Not only are the center images used but also the images from the left and right cameras. The network has no means to differ from which camera the image come from, a solution as proposed in the NVIDIA paper is to augment side images. This teaches the car to recover from the side to the middle of the road. The augmentation increases for greater steering angles.

The image is resized and the horizon and the lower part of the image which contains the car's hood is cropped out. I convert the image to HSV color space to randomly vary the brightness in a chosen bound to make the model invariant to lighting which is especially important for the second track. Then the image is converted back to RGB. Afterwards the image is flipped with a possibility of 50% to cover turns to the right since most of the data consists of left turns. alt text

At last the image is min-max normalized and scaled to [-1, 1]. This step was essential because otherwise the model got stuck in a local minimum. This resulted in nearly constant steering angle outputs near zero disregarding the input image.

Model parameter tuning

In this project most of the parameter tuning was done in the data augmentation step. The learning rate was chosen by the adam optimizer. Since the training data is sampled randomly in a python generator, the number of epochs is rather useless as parameter. What counts is how many images pass through the network. It is currently a value between 40000 and 50000 which is 200-250 batches with a batch size of 200 samples.

Prevent overfitting

The model contains dropout layers for all fully connected layers with l2 regularization as standard methods to prevent overfitting. Since training data is augmented randomly the network will less likely memorize the data. A small portion of the data (5%) is used to validate the model. The model was also tested on track 2 to check the ability to generalize unknown data.

Final Model Architecture

I use convolutional layers and fully connected layers with Relu-activation functions. Dropout and l2-regularization are used to prevent overfitting. A single max pooling layer is used to reduce the size of the network.
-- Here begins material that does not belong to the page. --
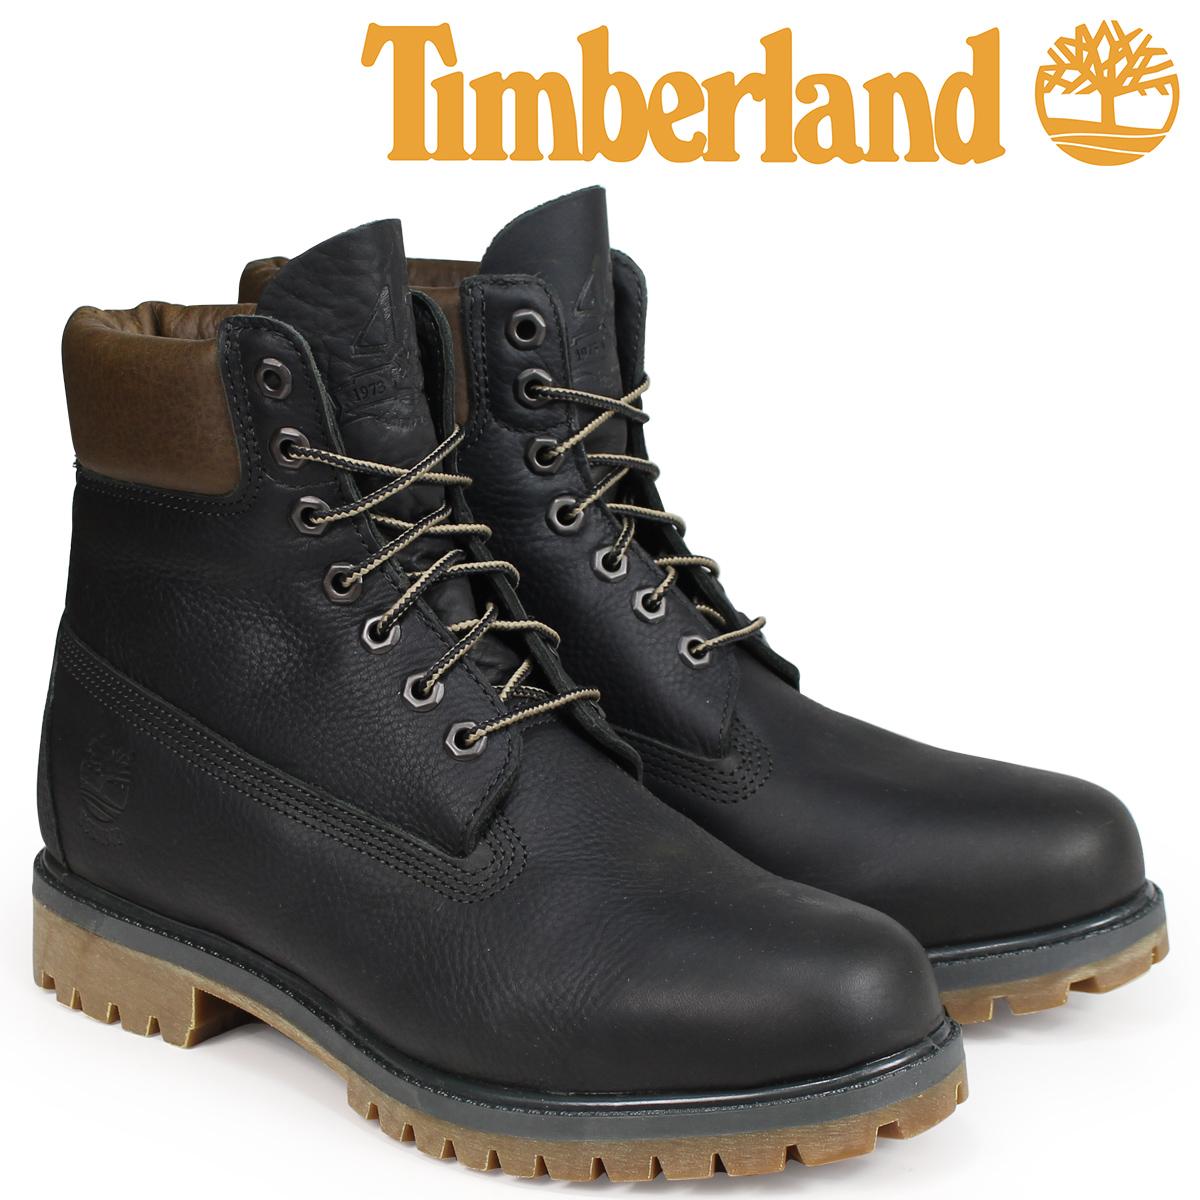 ティンバーランド Timberland ブーツ メンズ 6インチ HERITAGE 6-INCH PREMIUM BOOTS A1R1A Wワイズ ダークグレー

The output is a single steering angle.

Input:

  • 33x160x3 image

Convolutional layer 1:

  • Convolution: 29x156x32

Convolutional layer 2:

  • Convolution: 25x152x16
  • Max pooling: 5x5x70

Convolutional layer 3:

  • Convolution: 23x150x8

Convolutional layer 4:

  • Convolution: 21x148x8
  • Max Pooling: 10x74x8
  • Flatten: 5920

Fully connected 1:

  • Fully: 5920x500 (l2-regularization)
  • Dropout: 0.2

Fully connected 2:

  • Fully: 500x500 (l2-regularization)
  • Dropout: 0.3

Fully connected 3:

  • Fully: 500x200 (l2-regularization)
  • Dropout: 0.3

Output layer:

  • Fully: 200x1 (l2-regularization)
  • Dropout:0.5

Car Behavior and Further Work

The car is able to complete track 1 for any number of rounds. To predict big enough steering angles the augmentation factor for recovery images (left and right images) are increased greatly. This introduces slight oscillation especially after recovery. A more sophisticated angle augmentation could be used to produce a smoother drive for straight lines which still can react strong enough to big turns. An exponential angle augmentation could be the solution.

The trained car is also able to drive most of track 2 except for one turn. In this case a big part of the sky is inside the picture which could be responsible for a wrong prediction. The throttle is currently set to a constant value. Instead I could use some control theory for this task.